[EXERCISE]:
Output exactly, in the material below, the lines from the one with "Käytettävissä olevat opiskeluhuoltopalvelut" through the one with "Parduodamas šviesus, erdvus". Omit all pictures.

[RECORDED INFORMATION]:
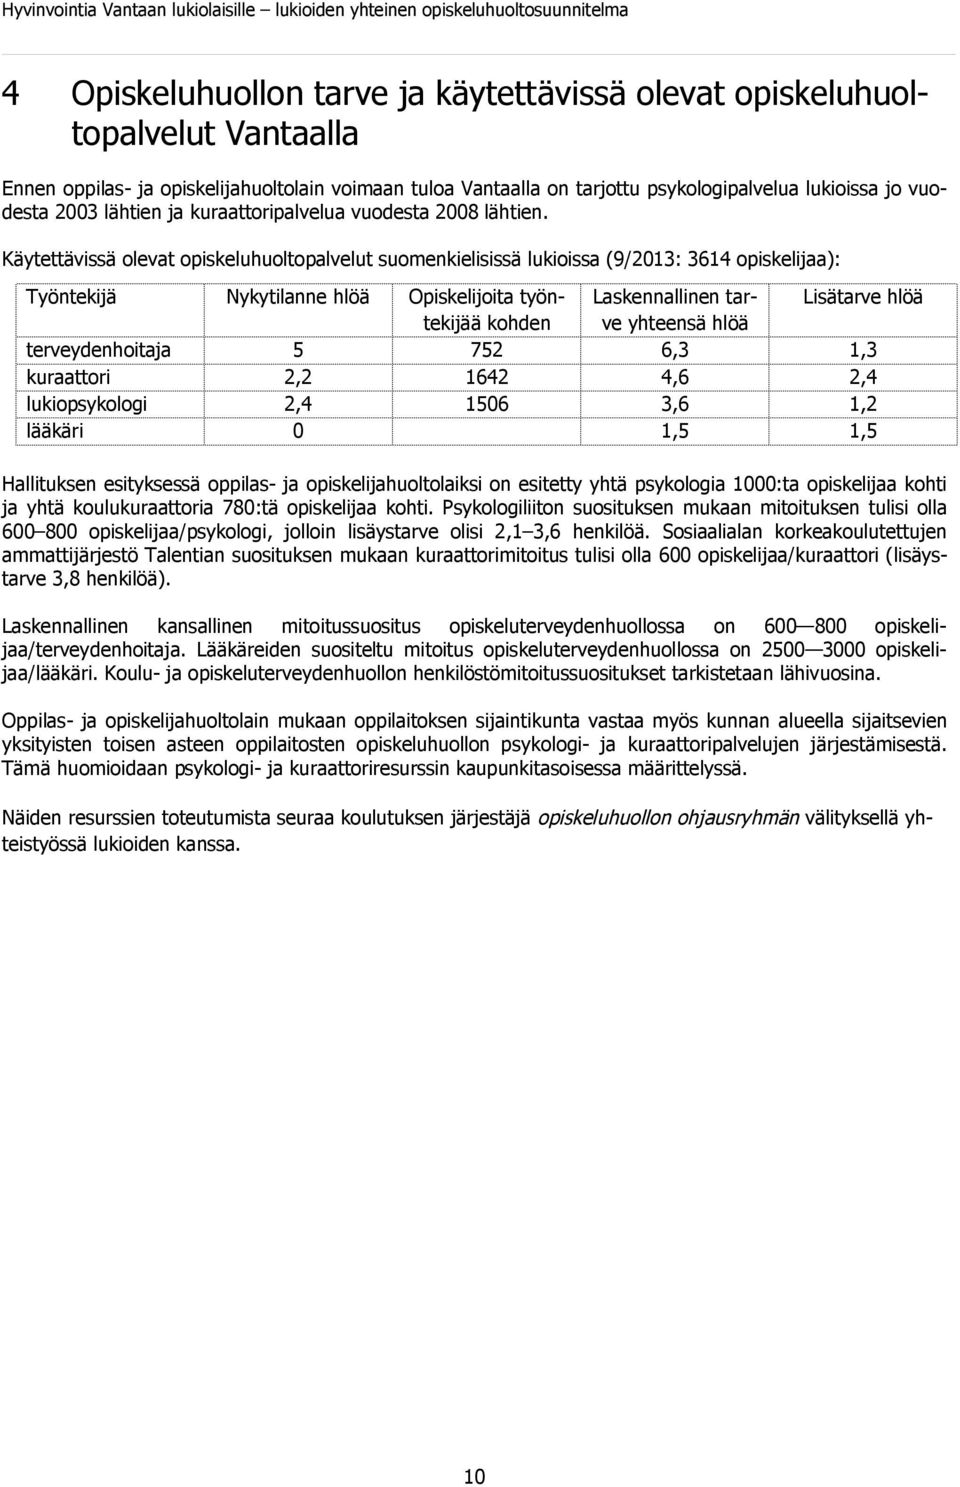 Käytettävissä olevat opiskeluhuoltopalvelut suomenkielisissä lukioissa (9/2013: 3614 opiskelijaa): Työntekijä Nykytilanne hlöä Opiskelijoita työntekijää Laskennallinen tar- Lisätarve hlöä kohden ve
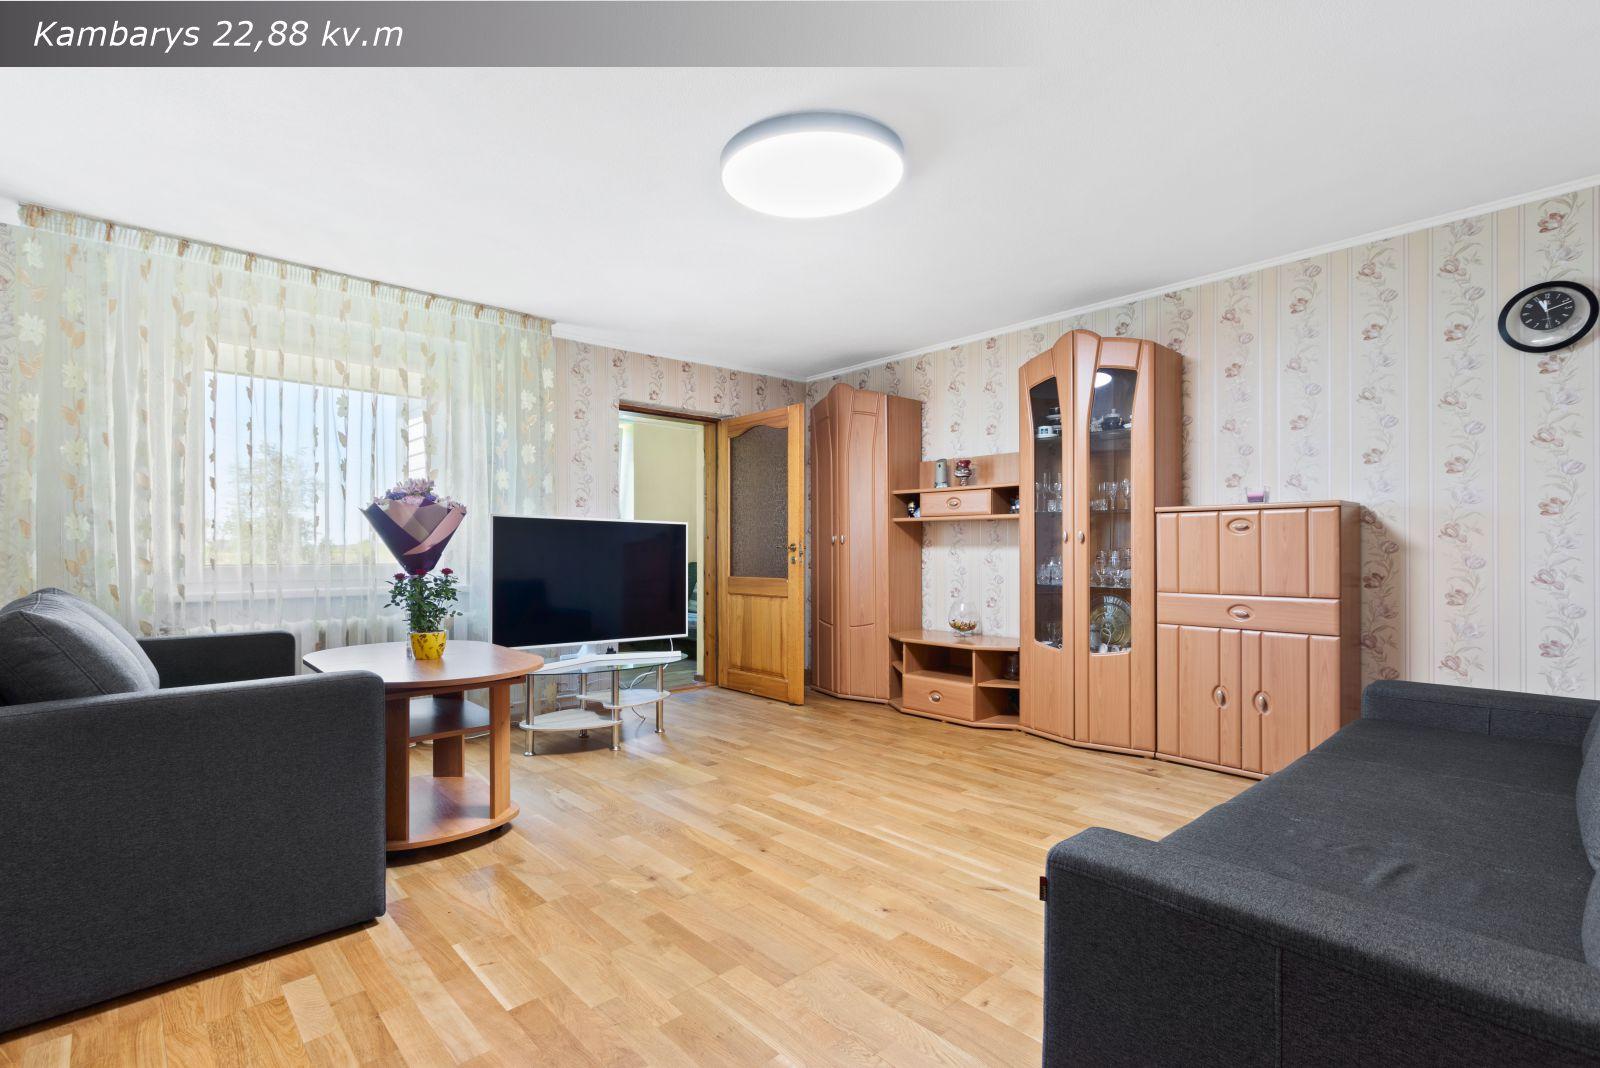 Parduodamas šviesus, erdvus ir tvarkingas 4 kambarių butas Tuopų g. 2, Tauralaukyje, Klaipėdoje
--
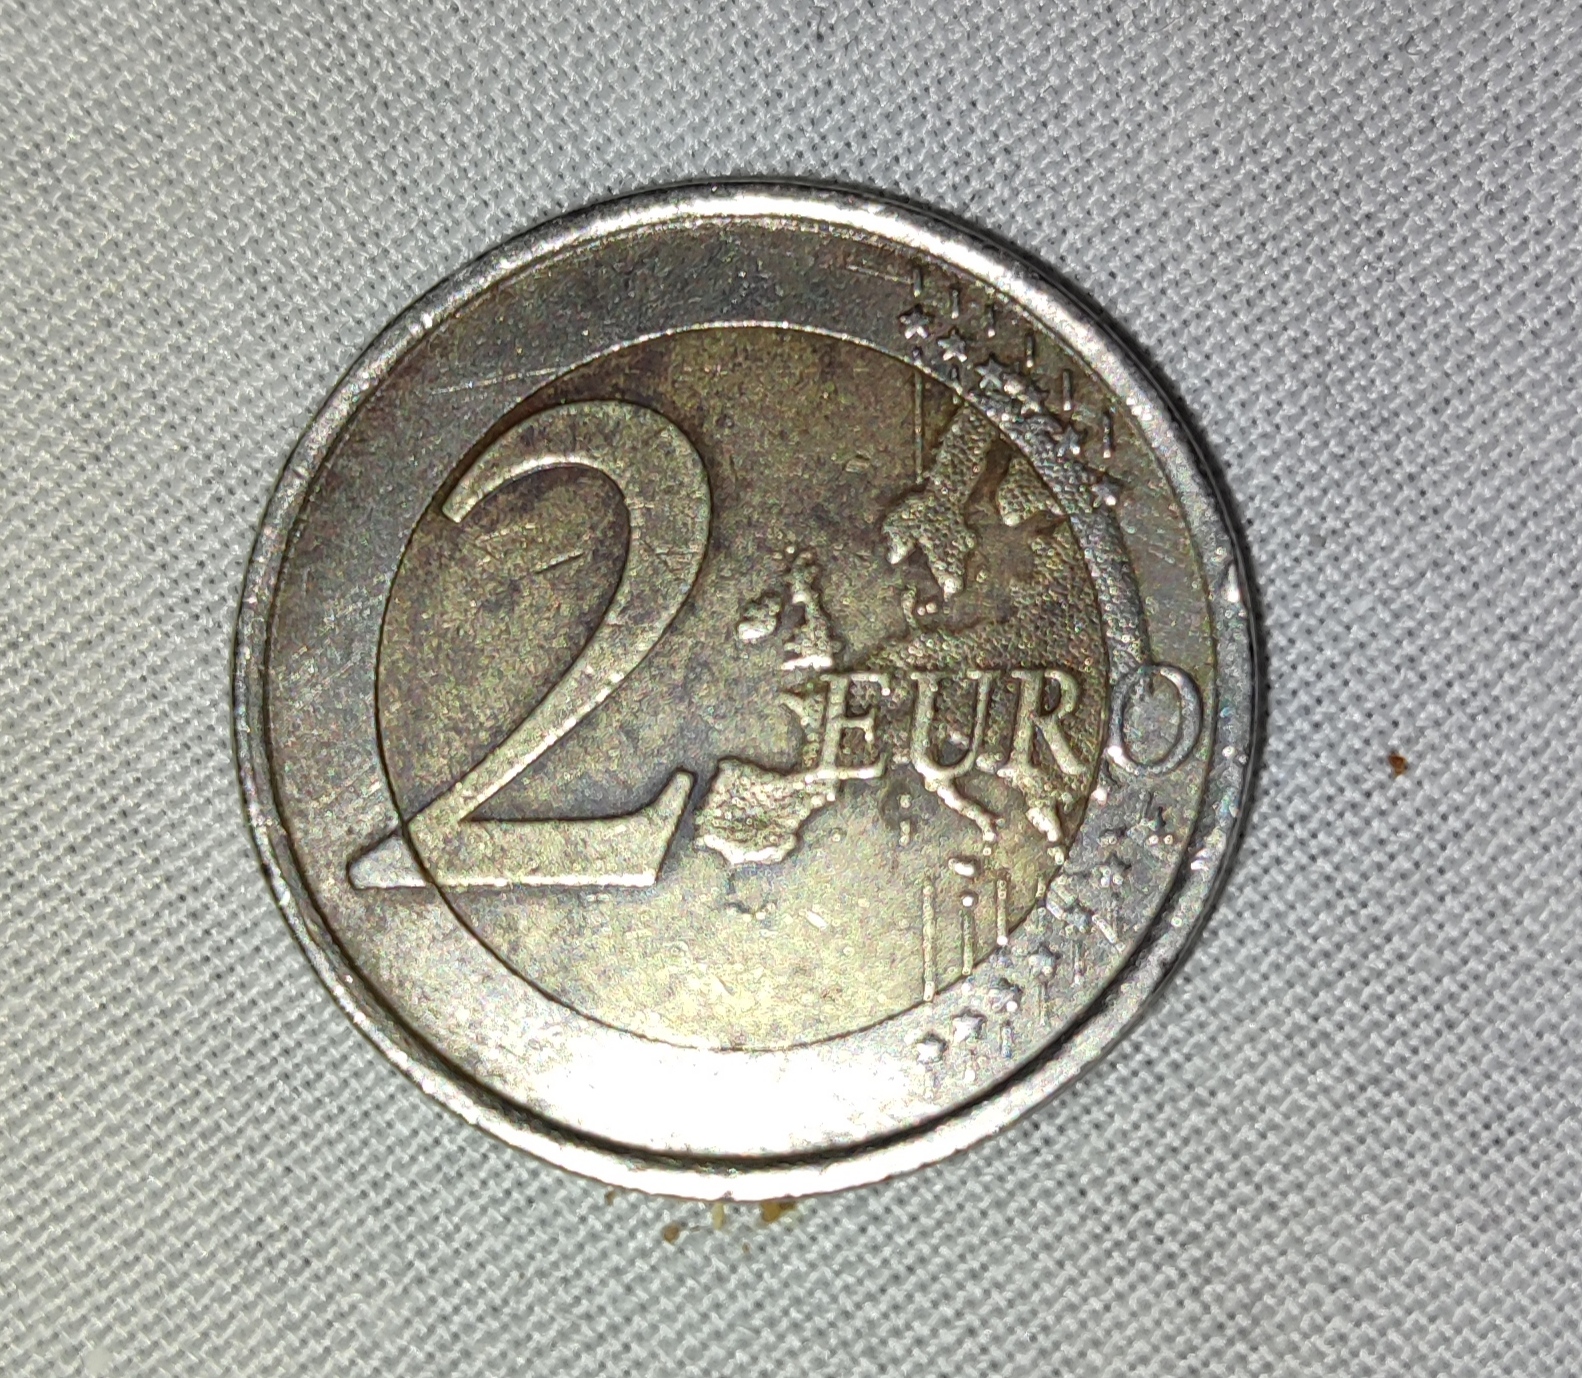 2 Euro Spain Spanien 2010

[PROBLEM SOLUTION]:
 Käytettävissä olevat opiskeluhuoltopalvelut suomenkielisissä lukioissa (9/2013: 3614 opiskelijaa): Työntekijä Nykytilanne hlöä Opiskelijoita työntekijää Laskennallinen tar- Lisätarve hlöä kohden ve
 Parduodamas šviesus, erdvus ir tvarkingas 4 kambarių butas Tuopų g. 2, Tauralaukyje, Klaipėdoje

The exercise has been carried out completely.